Complete factorization: $f(x) = (x - 1)(x - 2)(x - 3)(x + 1)$ .

Zeros: $x = -1, 1, 2, 3$ .

Complete Factorization Strategy

For a polynomial of degree $n$ with integer coefficients:

Check for common factors first (factor out the GCF)
Apply the Rational Root Theorem to list candidates
Test candidates with synthetic division — start with $\pm 1$ (the easiest to test mentally)
Reduce to a lower-degree polynomial each time you find a zero
When you reach degree 2, use the quadratic formula to find remaining zeros
If no rational zeros exist, the polynomial has only irrational or complex zeros

Worked Example 5: Complete Strategy

Factor $f(x) = 6x^3 + 13x^2 + x - 2$ .

$a_0 = -2$ : factors $\pm 1, \pm 2$ .

$a_n = 6$ : factors $\pm 1, \pm 2, \pm 3, \pm 6$ .

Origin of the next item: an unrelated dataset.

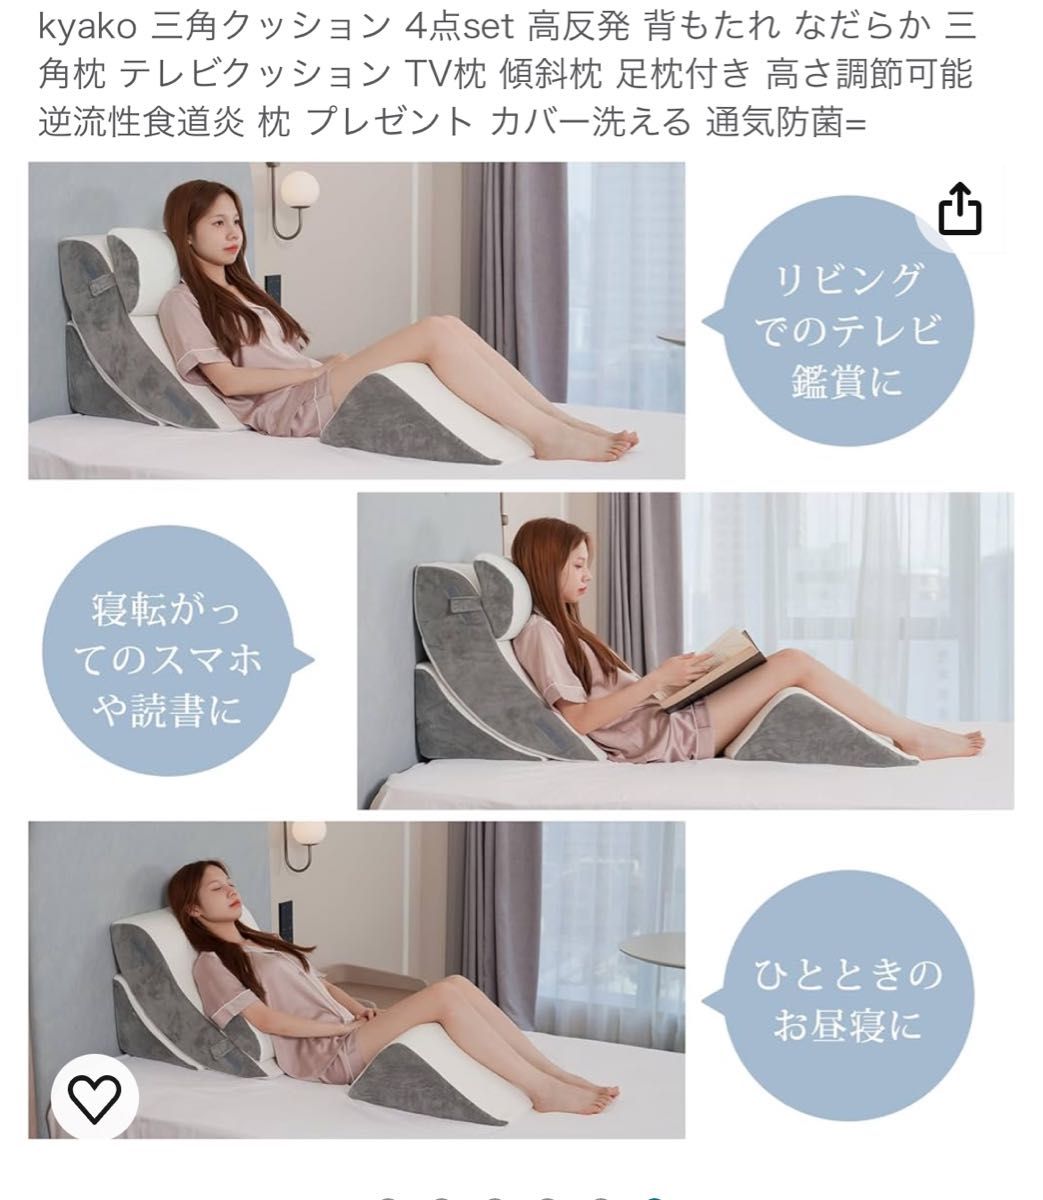 kyako 三角クッション 4点set 高反発 背もたれ なだらか 三角枕 テレビクッション TV枕 傾斜枕 足枕付き 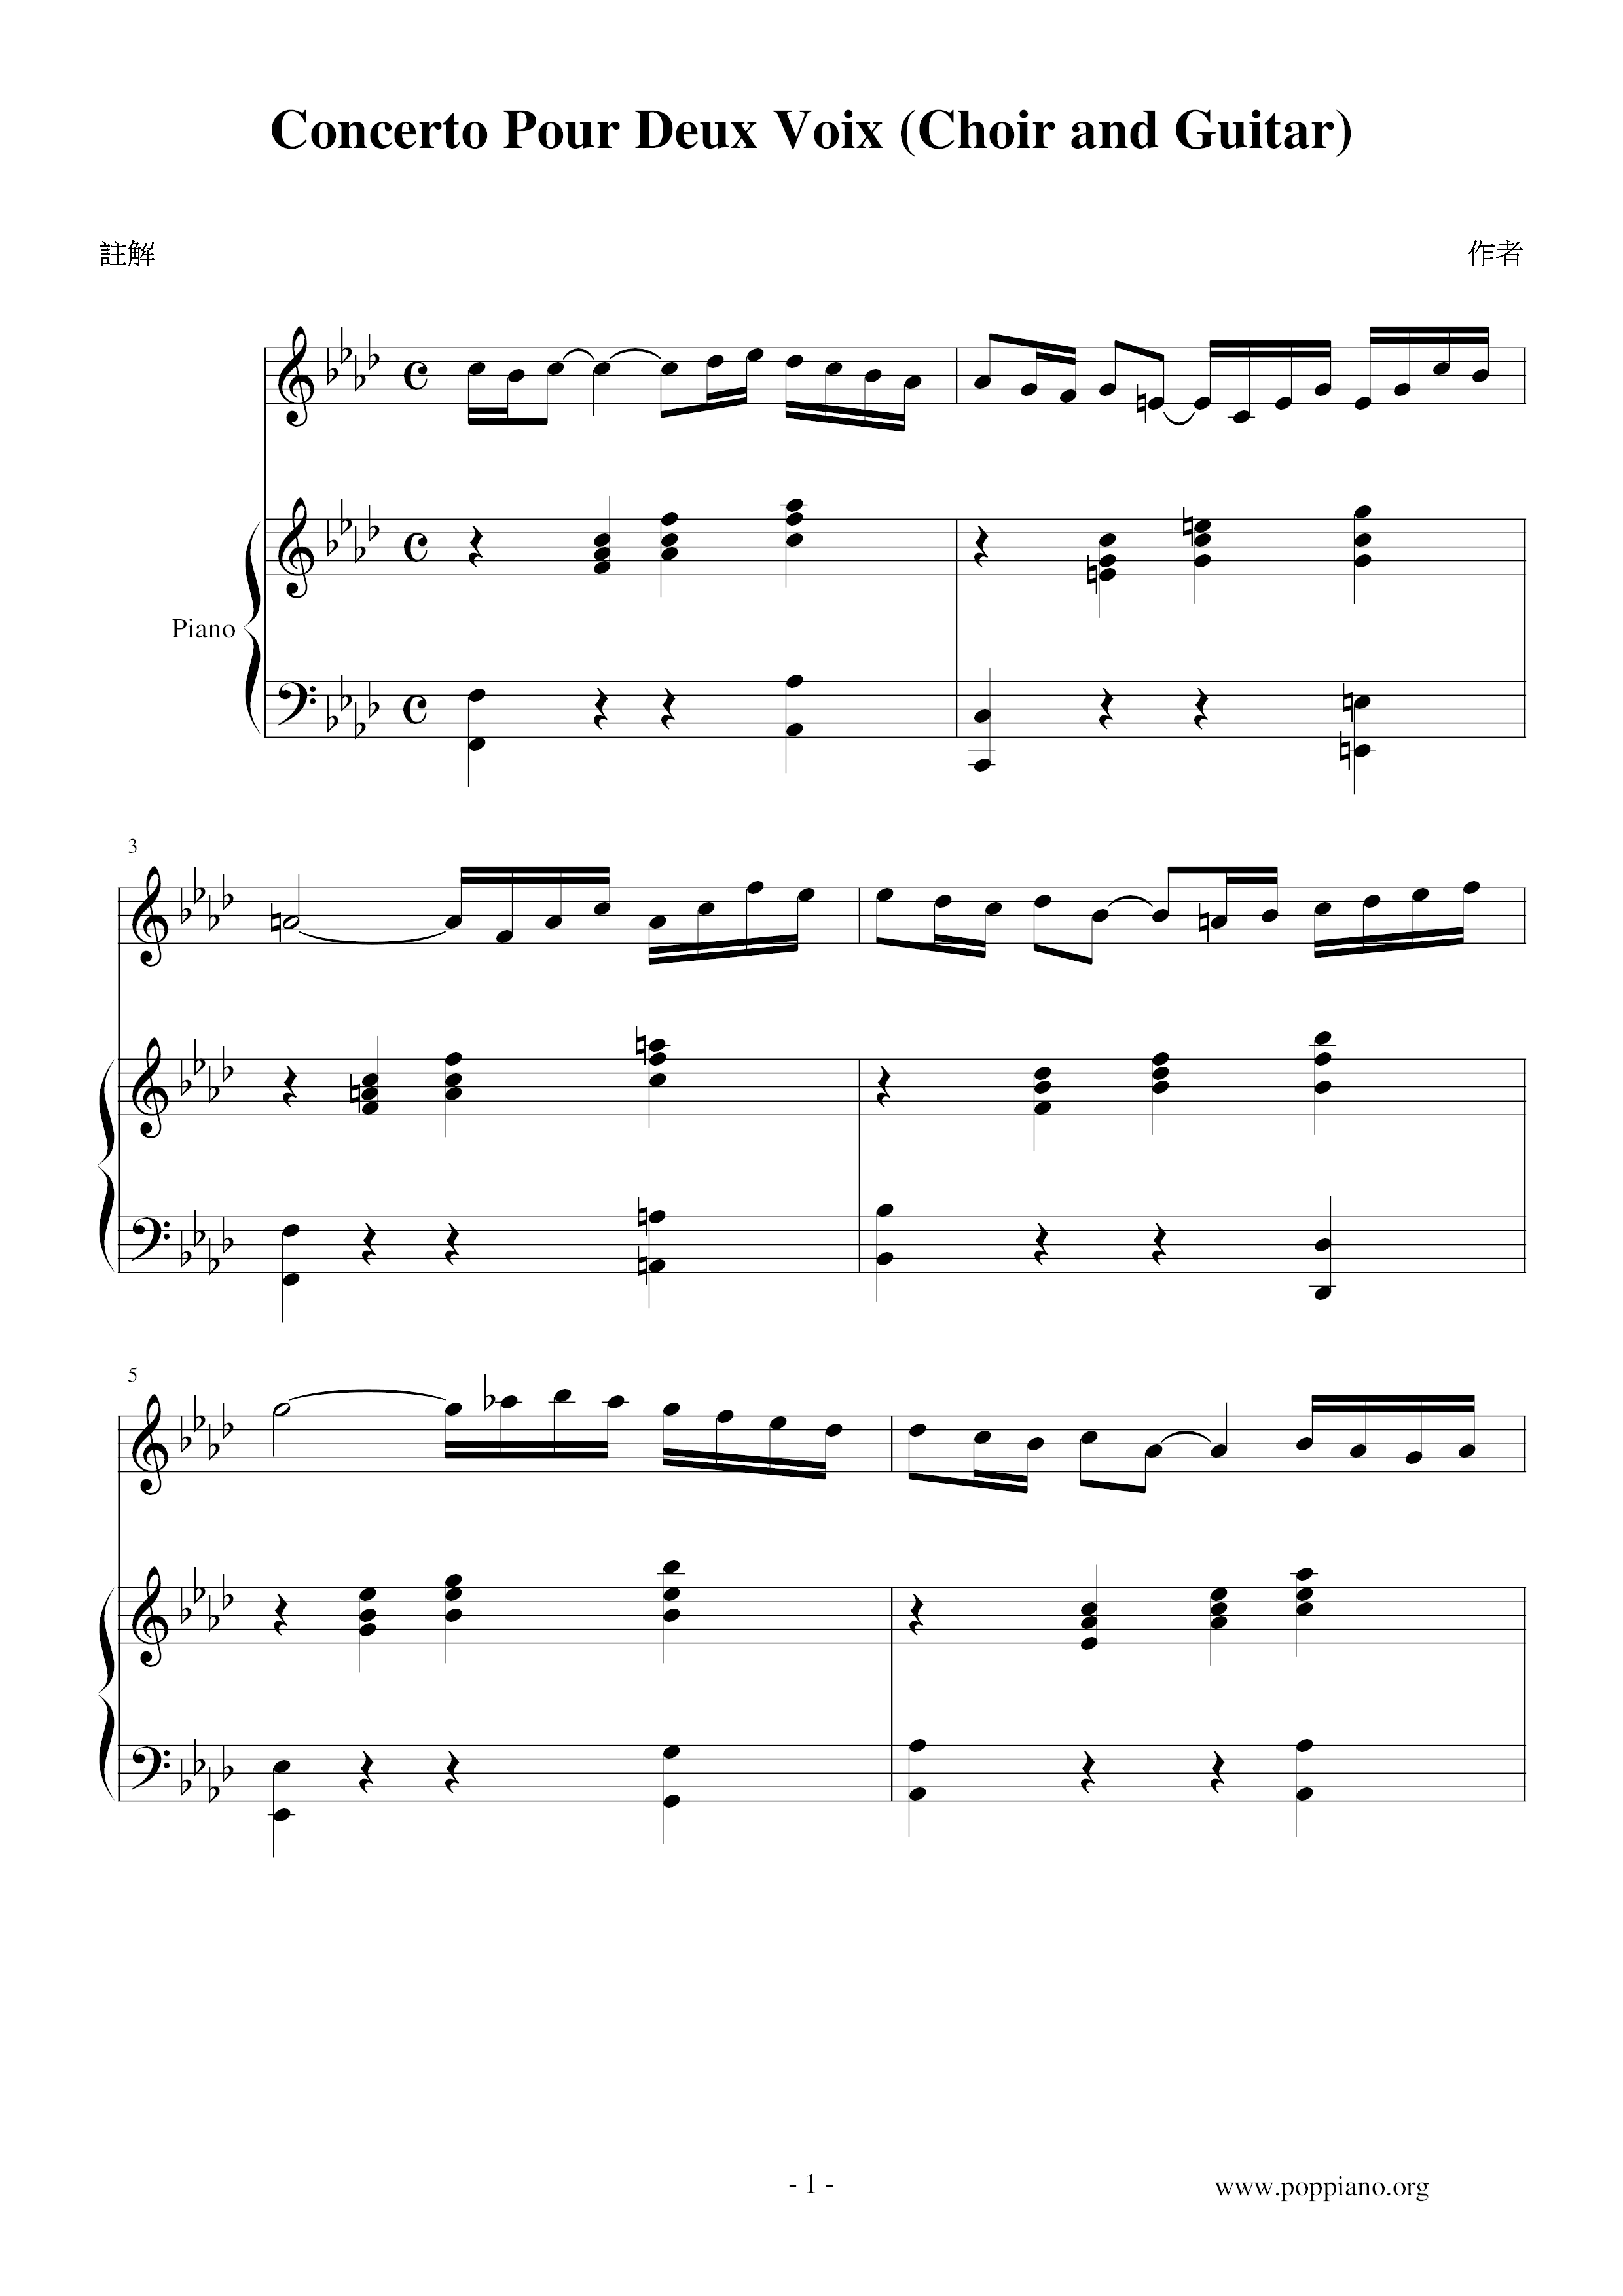 Concerto Pour Deux Voix (Choir and Guitar) Score

Candidates: $\pm 1, \pm 2, \pm\frac{1}{2}, \pm\frac{1}{3}, \pm\frac{2}{3}, \pm\frac{1}{6}$ .

Test $x = \frac{1}{3}$ :

$\begin{array}{c|cccc} \frac{1}{3} & 6 & 13 & 1 & -2 \\ & & 2 & 5 & 2 \\ \hline & 6 & 15 & 6 & 0 \end{array}$

Quotient: $6x^2 + 15x + 6 = 3(2x^2 + 5x + 2) = 3(2x + 1)(x + 2)$ .

Complete factorization: $f(x) = \left(x - \frac{1}{3}\right) \cdot 3(2x + 1)(x + 2) = (3x - 1)(2x + 1)(x + 2)$ .

Zeros: $x = \frac{1}{3}, -\frac{1}{2}, -2$ .

Real-World Application: Resonant Frequencies

In engineering, the natural frequencies of a vibrating system are found by solving a characteristic polynomial. For a three-mass spring system, the characteristic equation might be:

$\lambda^3 - 6\lambda^2 + 10\lambda - 4 = 0$

Candidates: $\pm 1, \pm 2, \pm 4$ .

Testing $\lambda = 2$ : $8 - 24 + 20 - 4 = 0$ . So $\lambda = 2$ is a root.

Dividing: $\lambda^2 - 4\lambda + 2 = 0 \implies \lambda = \frac{4 \pm \sqrt{8}}{2} = 2 \pm \sqrt{2}$ .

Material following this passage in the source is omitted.